Segundo a petição, o vídeo foi transmitido ao vivo nas redes sociais oficiais do PL e de Flávio Bolsonaro, ampliando significativamente seu alcance.
“O conteúdo foi reproduzido ao vivo nas redes sociais do 1º Representado, no perfil @PartidoLiberal22 na plataforma Youtube, que tem 195 mil inscritos e a transmissão foi assistida por mais de 68 mil pessoas.

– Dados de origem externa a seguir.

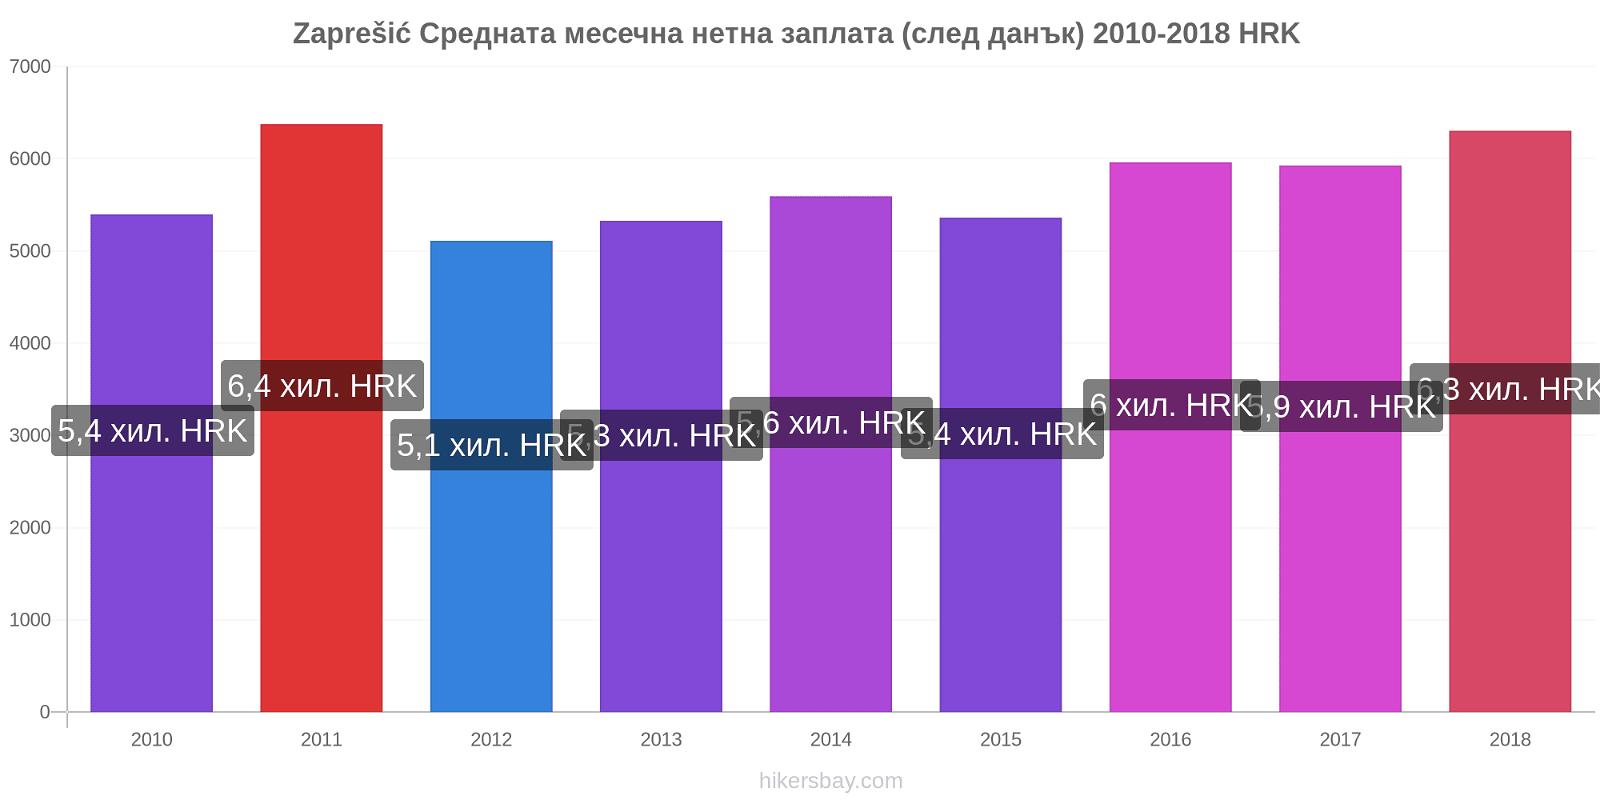 Zaprešić ценови промени Средната месечна нетна заплата (след данък) hikersbay.com

Além disso, houve idêntica transmissão no perfil do 2º Representado, @FlavioBolsonaro também da plataforma Youtube, que possui 923 mil inscritos, e foi visualizado por cerca de 144 mil telespectadores”, diz a representação.

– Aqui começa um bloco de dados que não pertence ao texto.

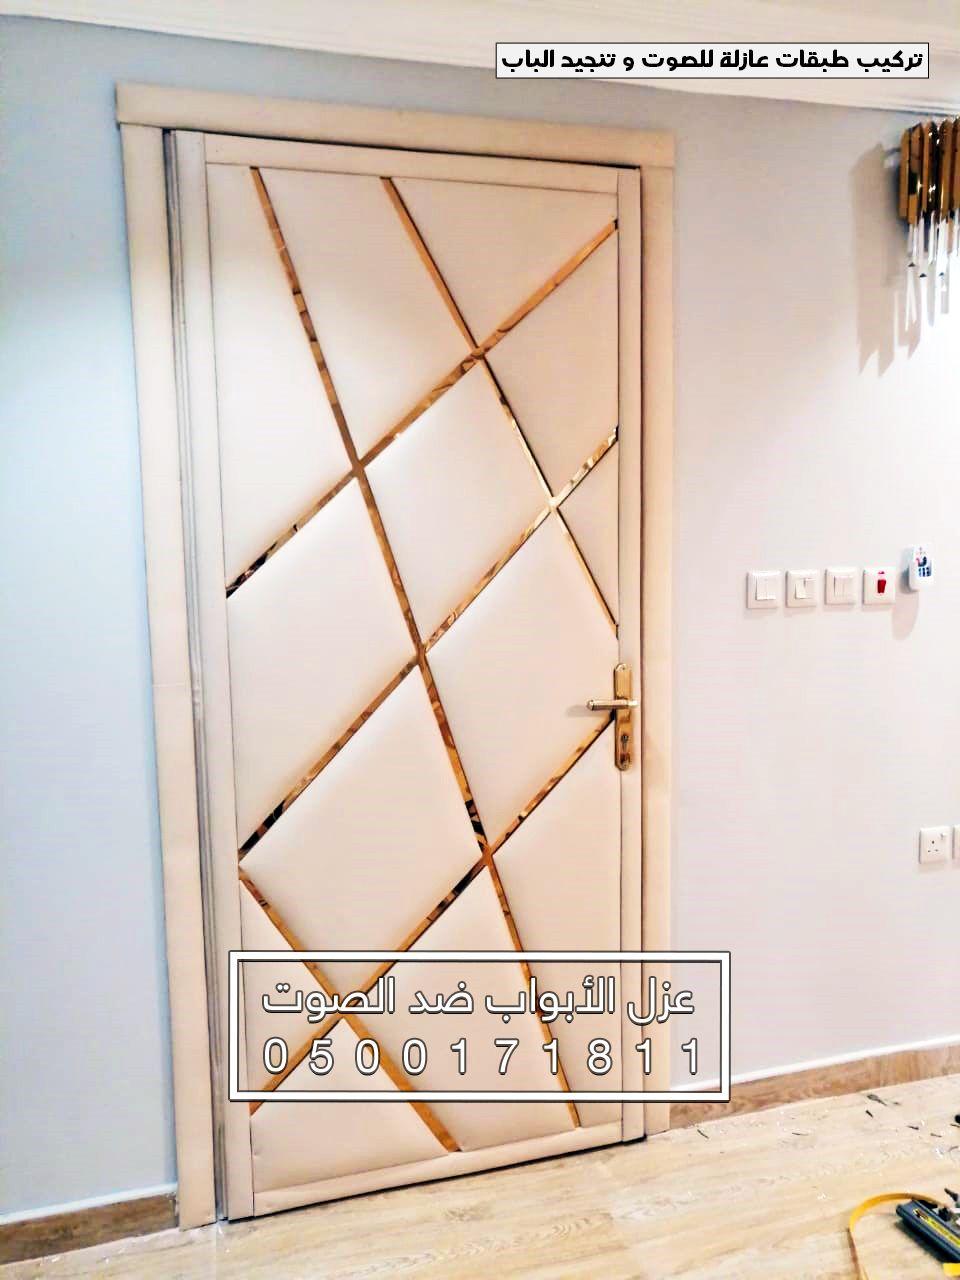 تركيب عزل صوت بالرياض Home Decor Decals Home Decor Home

De acordo com os autores da ação, a recriação digital de Jair Bolsonaro, utilizando aparência e voz altamente realistas, teria ampliado o impacto emocional da mensagem e aumentado seu potencial de convencimento junto ao eleitorado.

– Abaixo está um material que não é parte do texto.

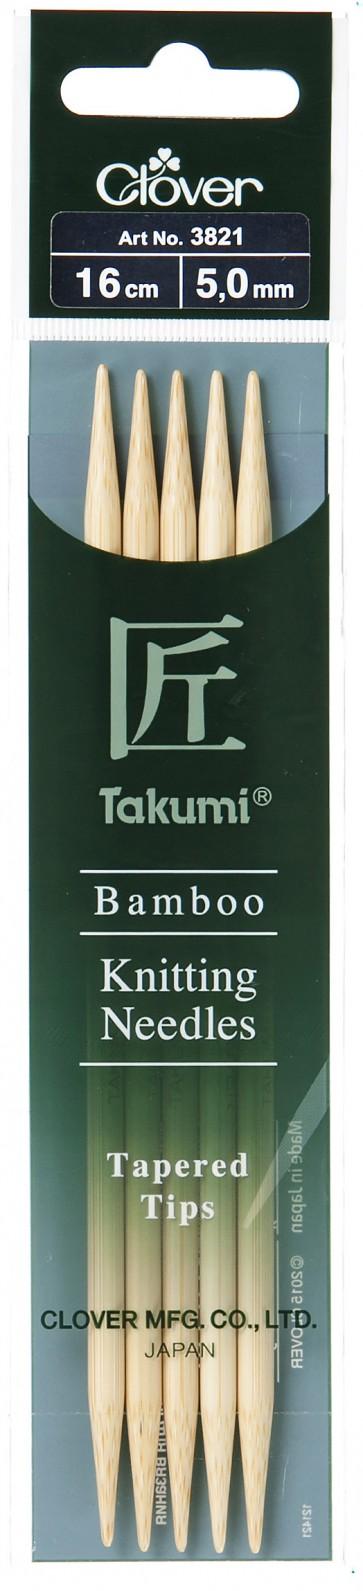 CLOVER Strumpfstrickndl Bambus Takumi 16cm/5.00mm

Vídeo é apontado como tentativa de transferir capital político
A federação argumenta que o objetivo da peça foi associar diretamente a imagem do ex-presidente à candidatura de Flávio Bolsonaro, promovendo uma transferência de capital político.
“No caso em exame, há propaganda eleitoral extemporânea”, afirma a peça.
Entre os principais elementos apontados pelos advogados está a frase atribuída ao avatar criado por inteligência artificial de Jair Bolsonaro.
“Por isso, peço que vocês recebam de braços abertos a pessoa que escolhi para me substituir, sangue do meu sangue, meu filho Flávio”.
Segundo a representação, o conteúdo extrapola os limites permitidos para a divulgação de uma pré-candidatura.
“A postagem configura propaganda eleitoral antecipada, por extrapolar os limites da mera divulgação de pré-candidatura e veicular conteúdo amplamente difundido destinado a promover a candidatura [de Flávio Bolsonaro], mediante a transferência de capital político de Jair Messias Bolsonaro, associando-o expressamente ao exercício da Presidência da República e conclamando o público a acolhê-lo como seu sucessor político”, argumentam.
Os partidos também sustentam que a utilização da tecnologia reforçou o caráter persuasivo da mensagem.
A representação afirma que a inteligência artificial recriou “com elevado grau de realismo, a imagem e a voz do ex-Presidente, conferindo maior autenticidade aparente, impacto emocional e poder persuasivo à mensagem eleitoral, circunstância que amplia significativamente sua aptidão para influenciar a formação da vontade do eleitor”.
PT também pede providências ao STF
Paralelamente à ação no TSE, o presidente nacional do PT, Edinho Silva, protocolou uma notícia de descumprimento de ordem judicial no Supremo Tribunal Federal.
Segundo o partido, Jair Bolsonaro teria violado as restrições impostas pela Justiça ao participar, ainda que por meio de inteligência artificial, de uma manifestação de caráter político-eleitoral.
“O desrespeito à ordem judicial ainda ganha projeção quando se observa que o discurso por IA foi planejado para alcançar as milhares de pessoas presentes no evento e, paralelamente, incalculáveis espectadores e eleitores através das transmissões ao vivo realizadas e hospedadas nas páginas do PL e Flávio Bolsonaro no Youtube, além da cobertura midiática que a imprensa tem dado ao fato em rede nacional”, sustenta Edinho Silva na peça enviada ao STF.
O PT afirma ainda que o episódio não seria isolado e faz referência à divulgação, dias antes, de uma carta manuscrita atribuída a Jair Bolsonaro, publicada nas redes sociais do PL e de Flávio Bolsonaro.
“Não se cuida de simples manifestação do pensamento, mas de manifesto político-eleitoral difundido por terceiros, elaborado por inteligência artificial, denotando premeditação, coordenação e consciente desprezo pela respeitável ordem judicial”, argumenta o partido.
Ao final da petição, a legenda solicita que o STF encaminhe o caso à Procuradoria-Geral da República (PGR) e à Procuradoria-Geral Eleitoral (PGE) para análise de eventuais providências dentro de suas atribuições legais.